Microring electrodes: A computational study of transport-limited processes

Journal article

Investigations at microring electrodes are limited by the lack of equations that describe short and long time behavior at rings of all thicknesses. In this paper, a robust finite difference numerical method is presented for the simulation of electrochemical processes at microring electrodes of intermediate thickness. The method relies on a careful meshing strategy to minimize electrode flux errors. The accuracy of the method is first tested by comparison with a well-established reversible steady-state analytical equation. The meshes obtained through this process are reused to produce current results for chronoamperometry and linear-sweep voltammetry. In the case of chronoamperometry, simulated currents show less than ±1.5% difference compared to integral-equation methods. In the case of linear-sweep voltammetry, currents are recorded across nine decades of dimensionless scan rate. Both the dimensionless peak current and voltage at half-peak height are compared with other known methods and shown to be either comparable to or better than alternative results.
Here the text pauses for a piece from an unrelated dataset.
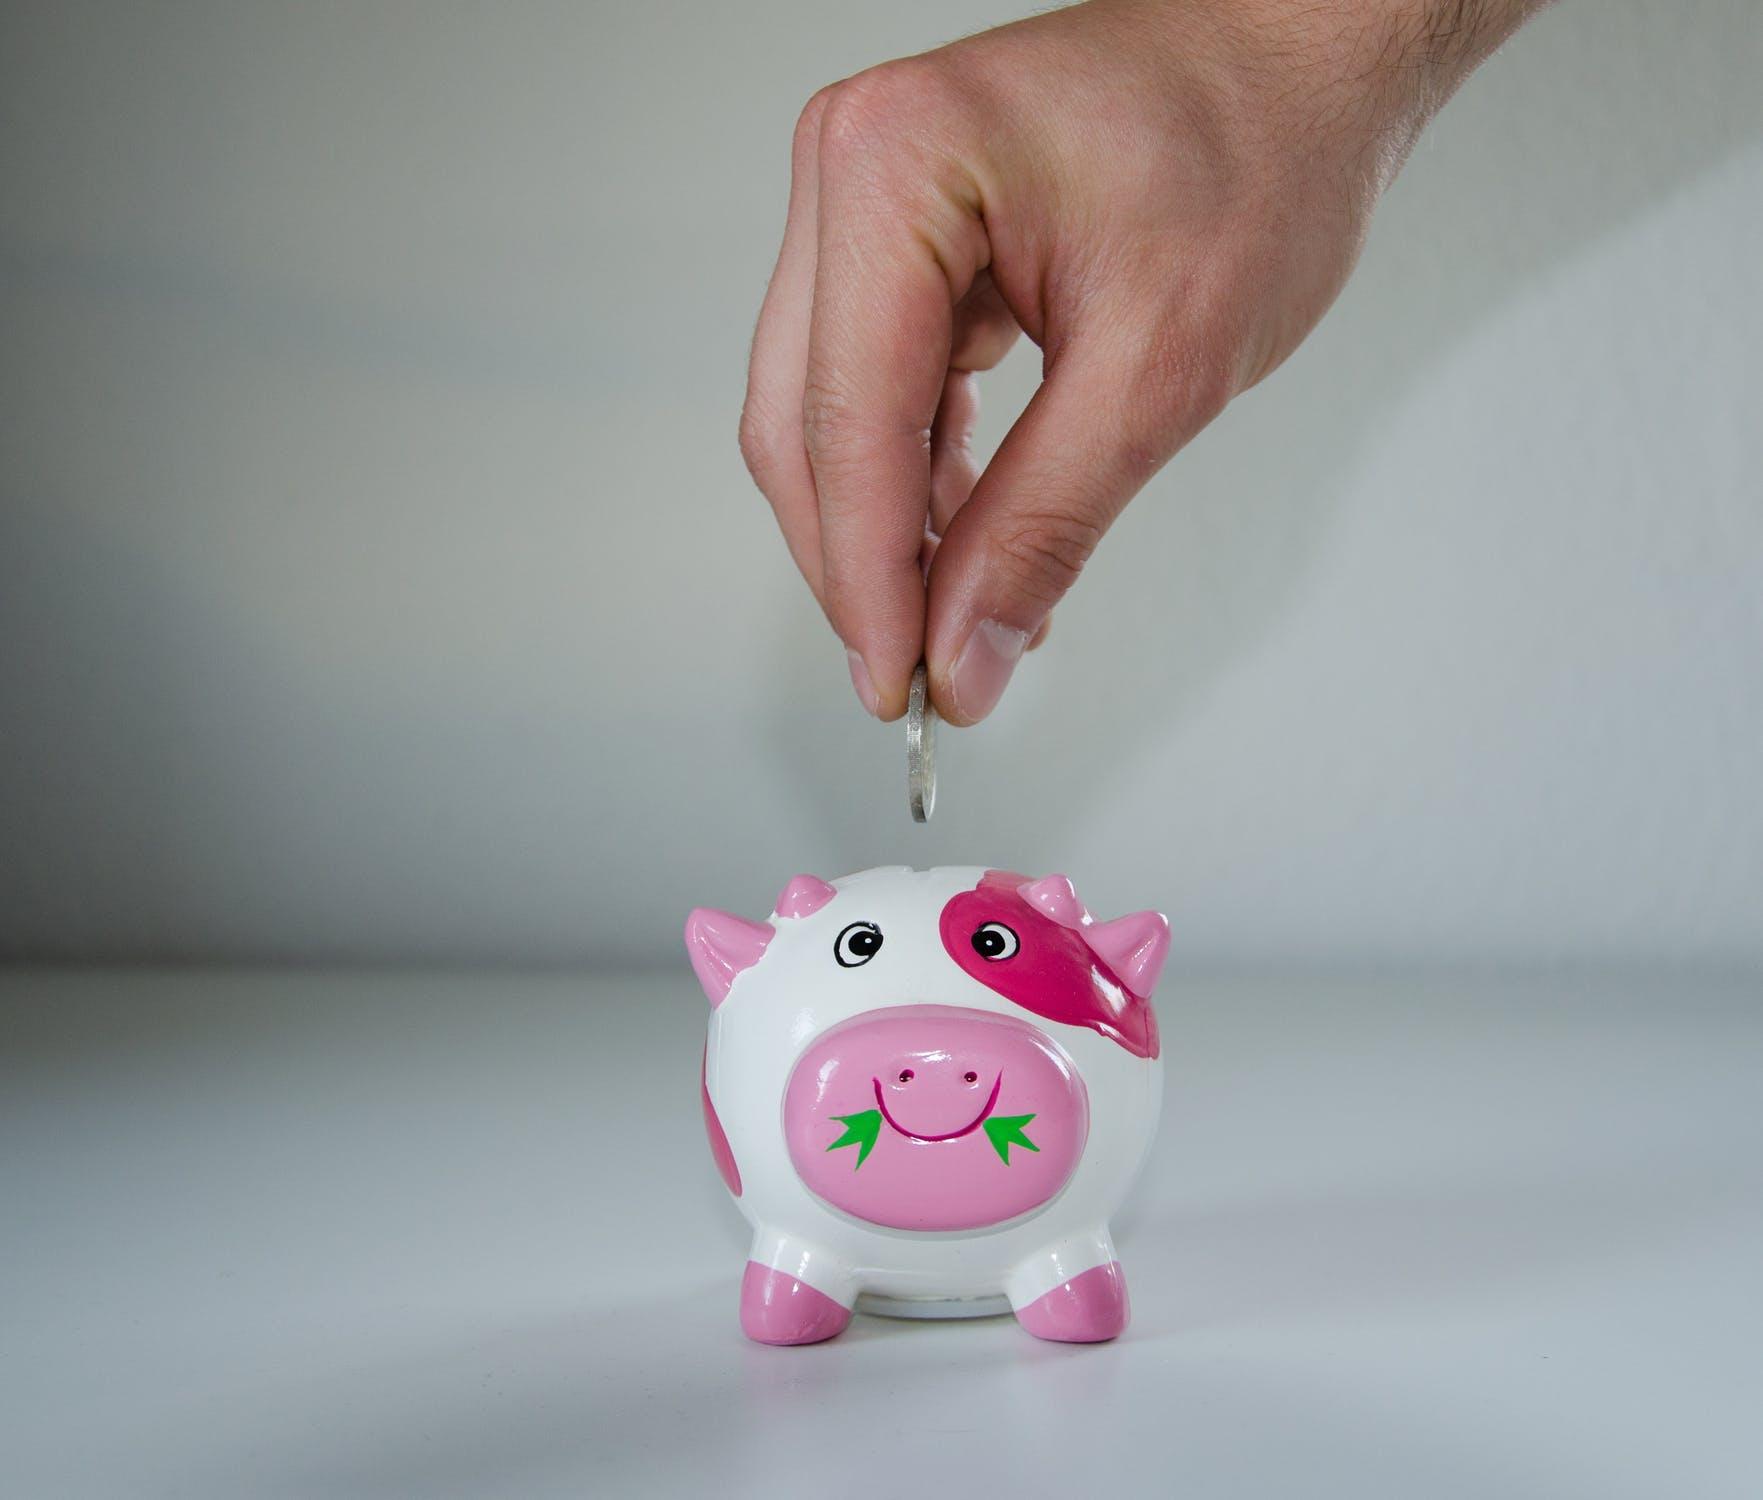 Un Ejercicio para Ahorrar Dinero

In the case of the voltage at half-peak height, results are confirmed by simulations at the microdisk electrode.

Authors: Brookes, B; Gavaghan, D; Compton, R

• Publication status: Published
• Journal: JOURNAL OF PHYSICAL CHEMISTRY B
• Volume: 106
• Issue: 18
• Pages: 4886-4896
• Publication date: 2002-05-09
• DOI: 10.1021/jp014049i
• EISSN: 1520-5207
• ISSN: 1520-6106
• Language: English